=== Section Start ===

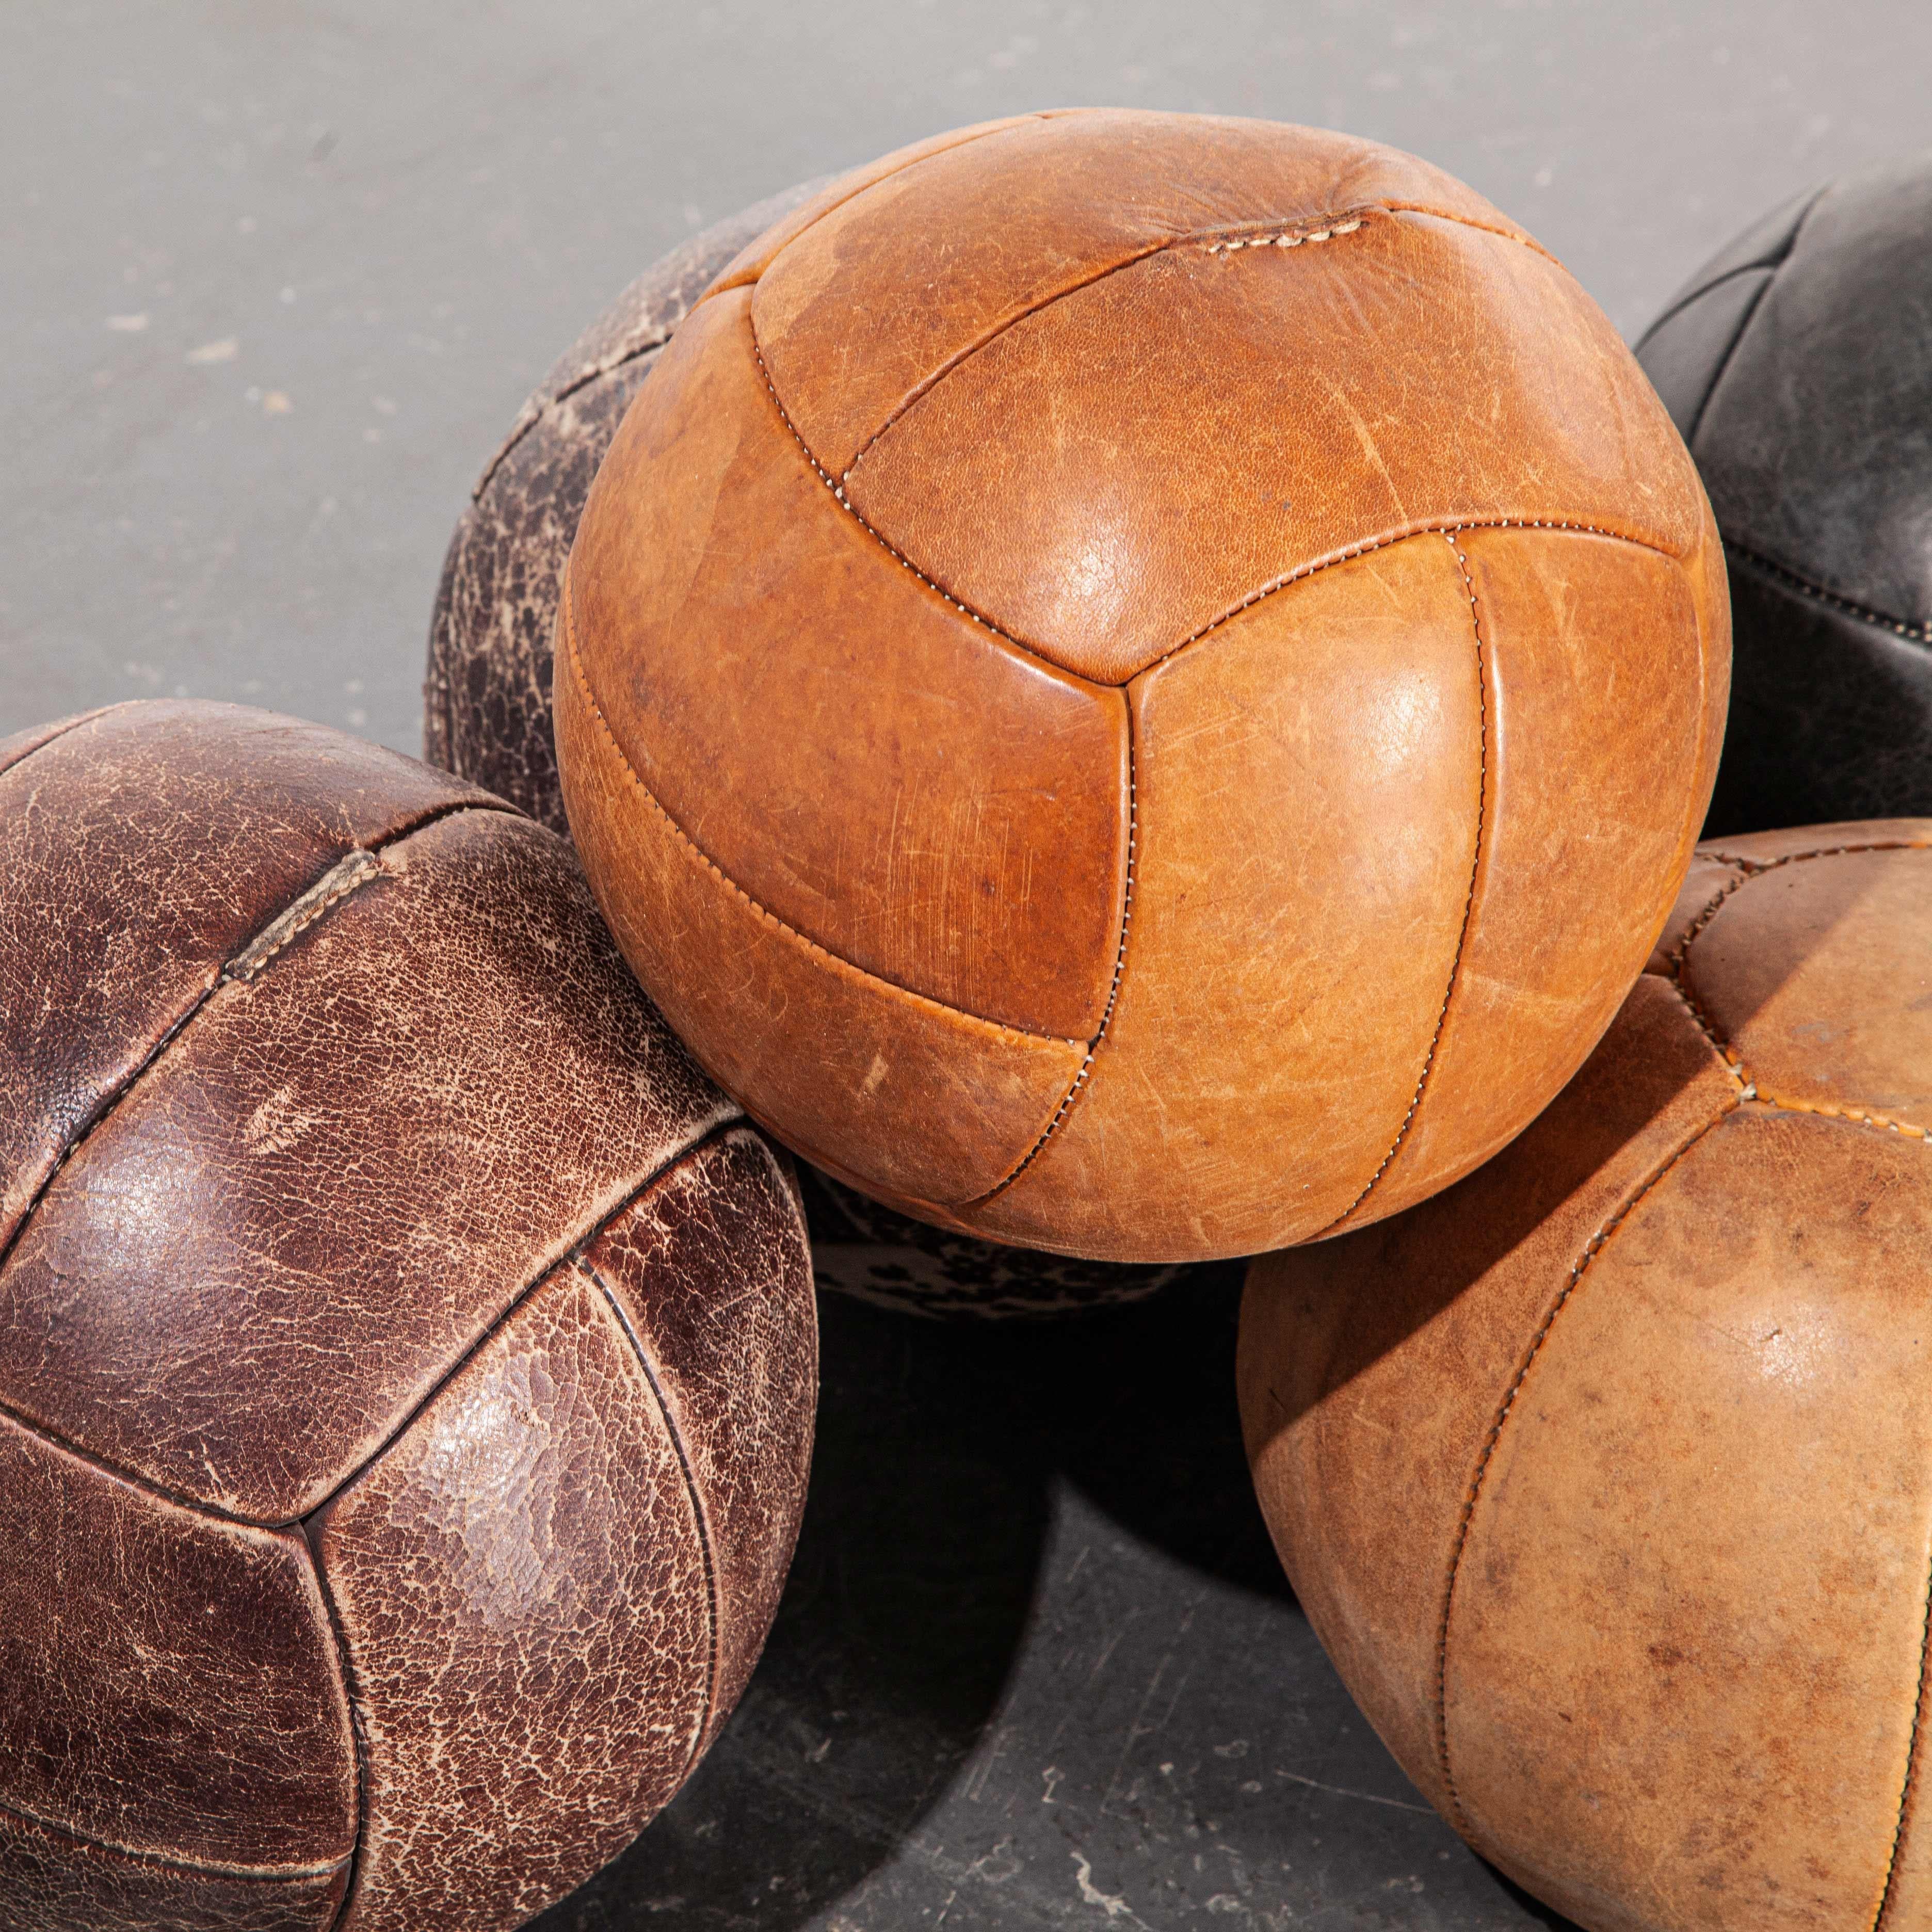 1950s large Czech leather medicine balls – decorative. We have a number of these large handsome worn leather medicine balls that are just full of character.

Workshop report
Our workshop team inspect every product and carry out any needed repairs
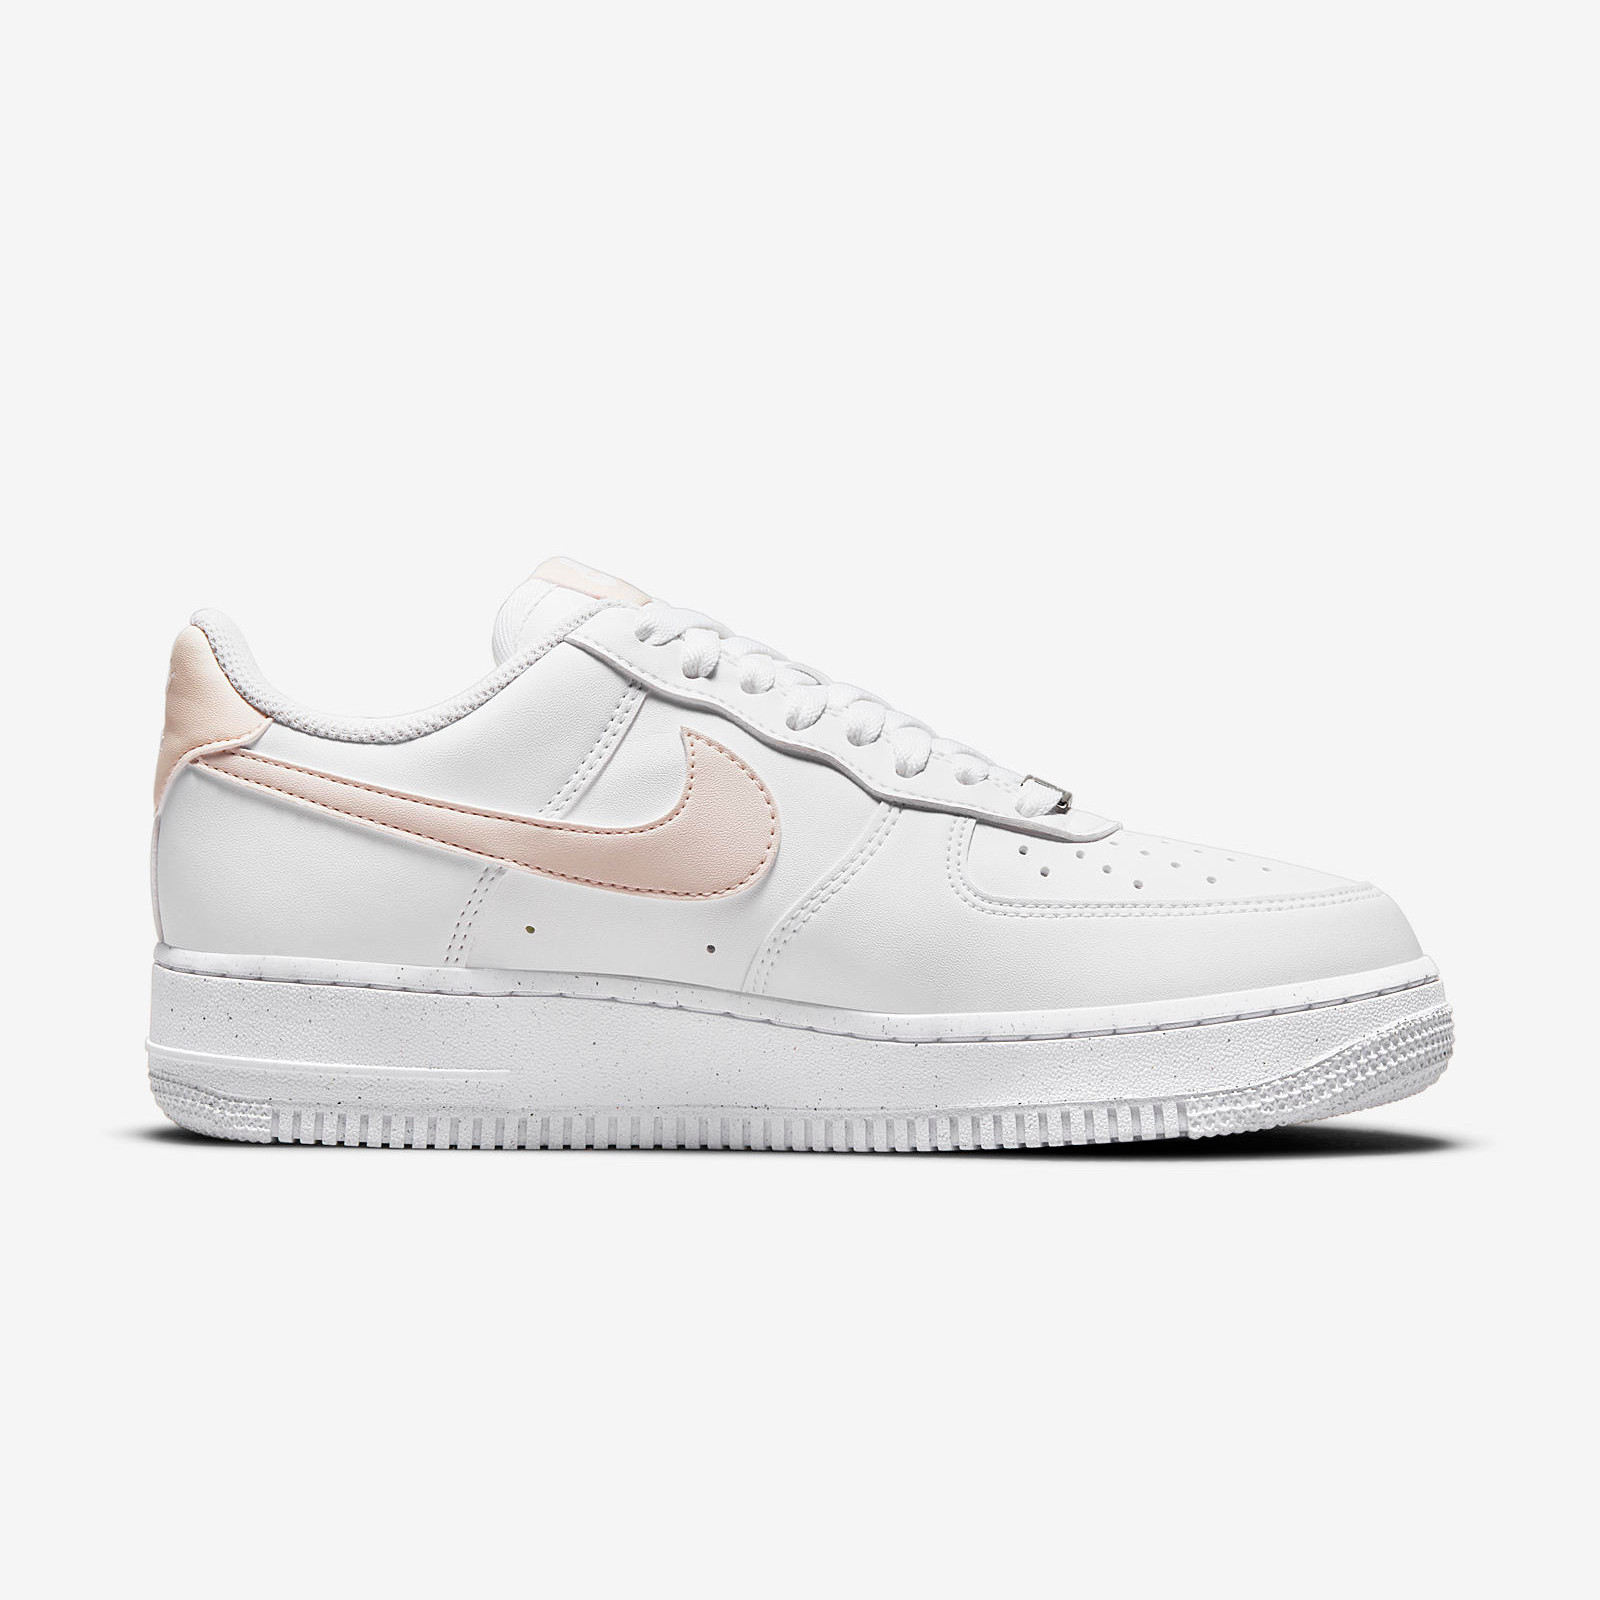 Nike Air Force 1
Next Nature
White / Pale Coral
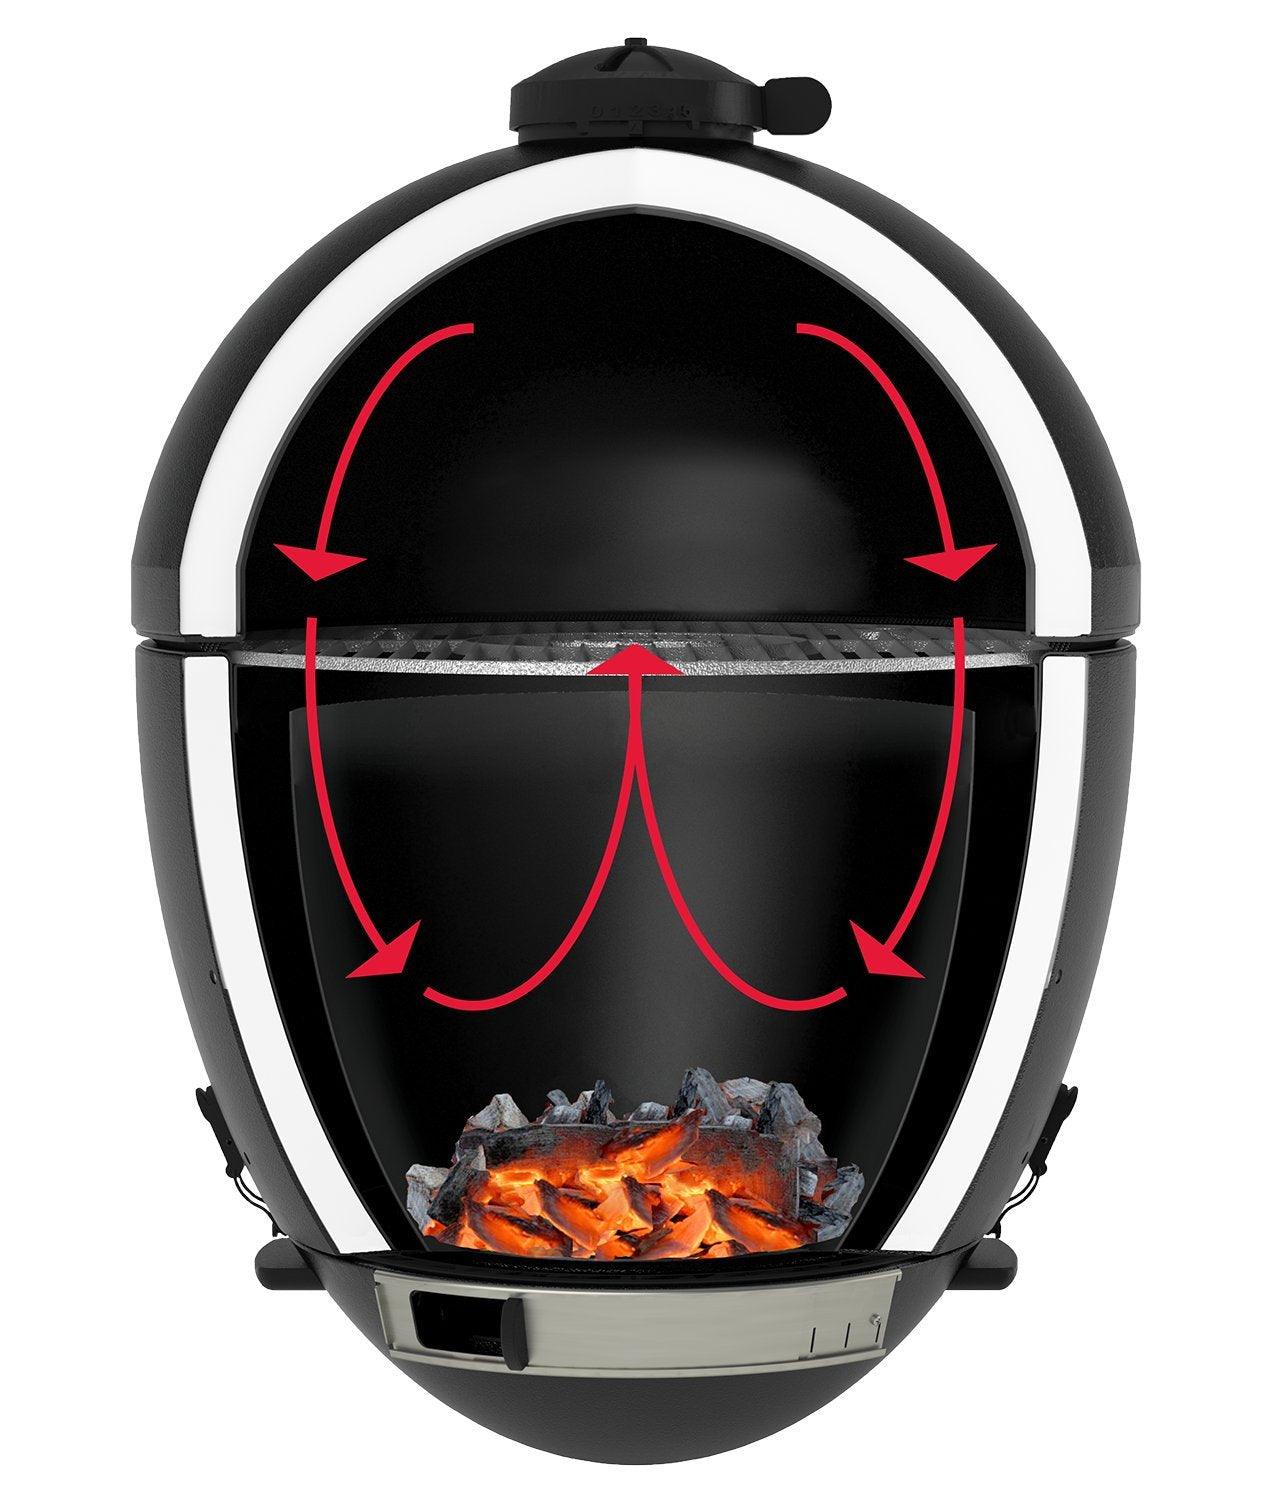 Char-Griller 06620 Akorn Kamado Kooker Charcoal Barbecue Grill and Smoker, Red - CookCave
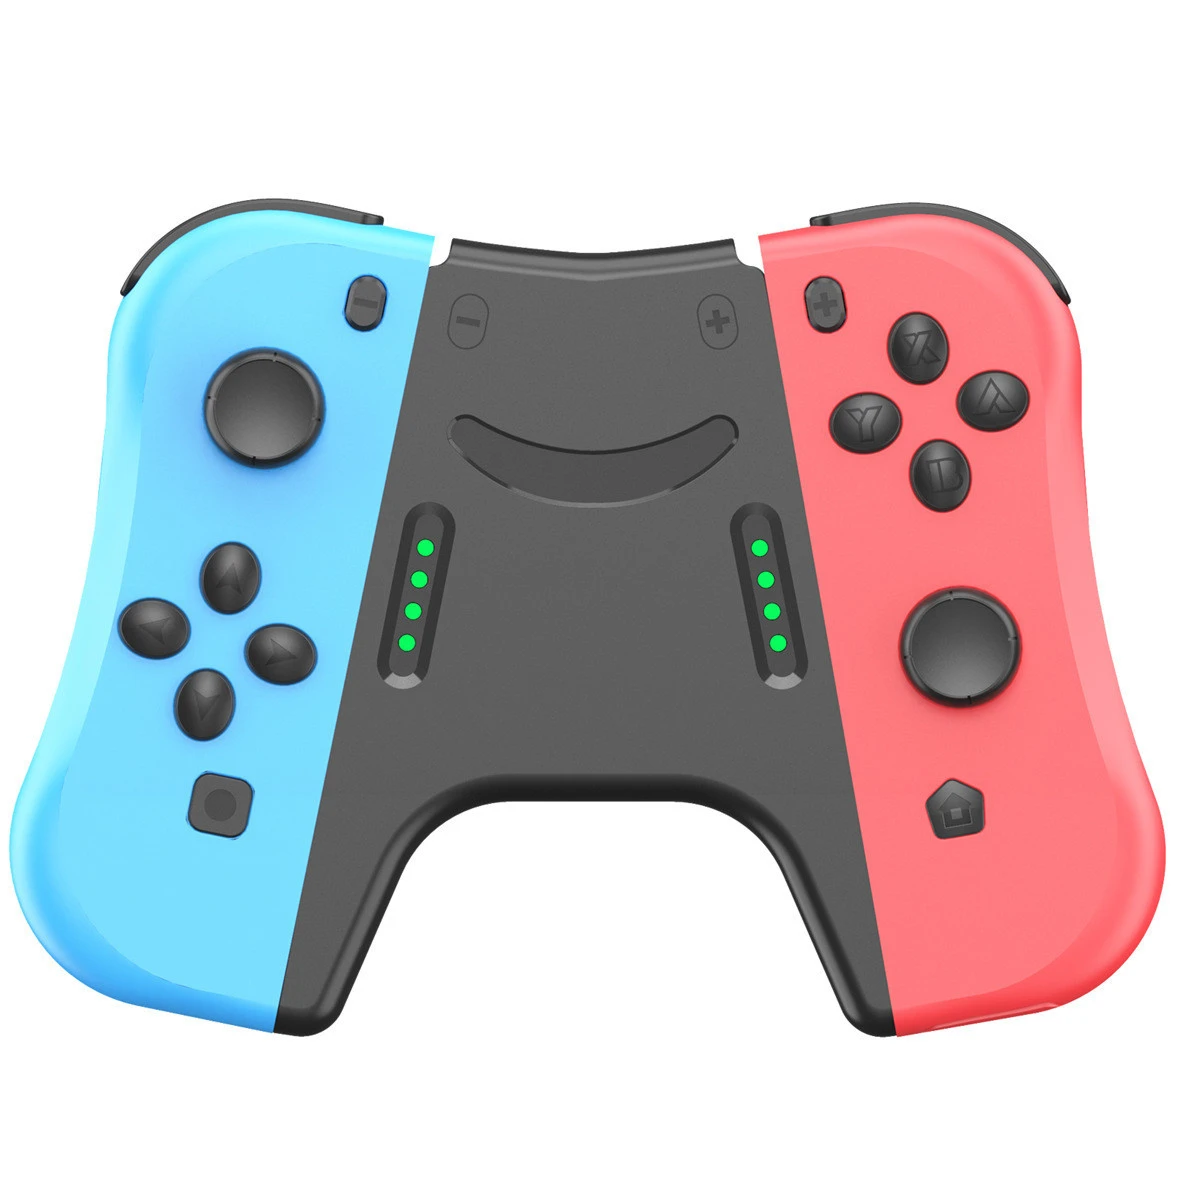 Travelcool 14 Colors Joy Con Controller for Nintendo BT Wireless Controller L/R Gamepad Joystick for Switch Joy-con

=== Section End ===

The problem.
Copy out every entry above word for word; omit the images.

Reply to the exercise.
 1950s large Czech leather medicine balls – decorative. We have a number of these large handsome worn leather medicine balls that are just full of character.

Workshop report
Our workshop team inspect every product and carry out any needed repairs
 Nike Air Force 1
Next Nature
White / Pale Coral
 Char-Griller 06620 Akorn Kamado Kooker Charcoal Barbecue Grill and Smoker, Red - CookCave
 Travelcool 14 Colors Joy Con Controller for Nintendo BT Wireless Controller L/R Gamepad Joystick for Switch Joy-con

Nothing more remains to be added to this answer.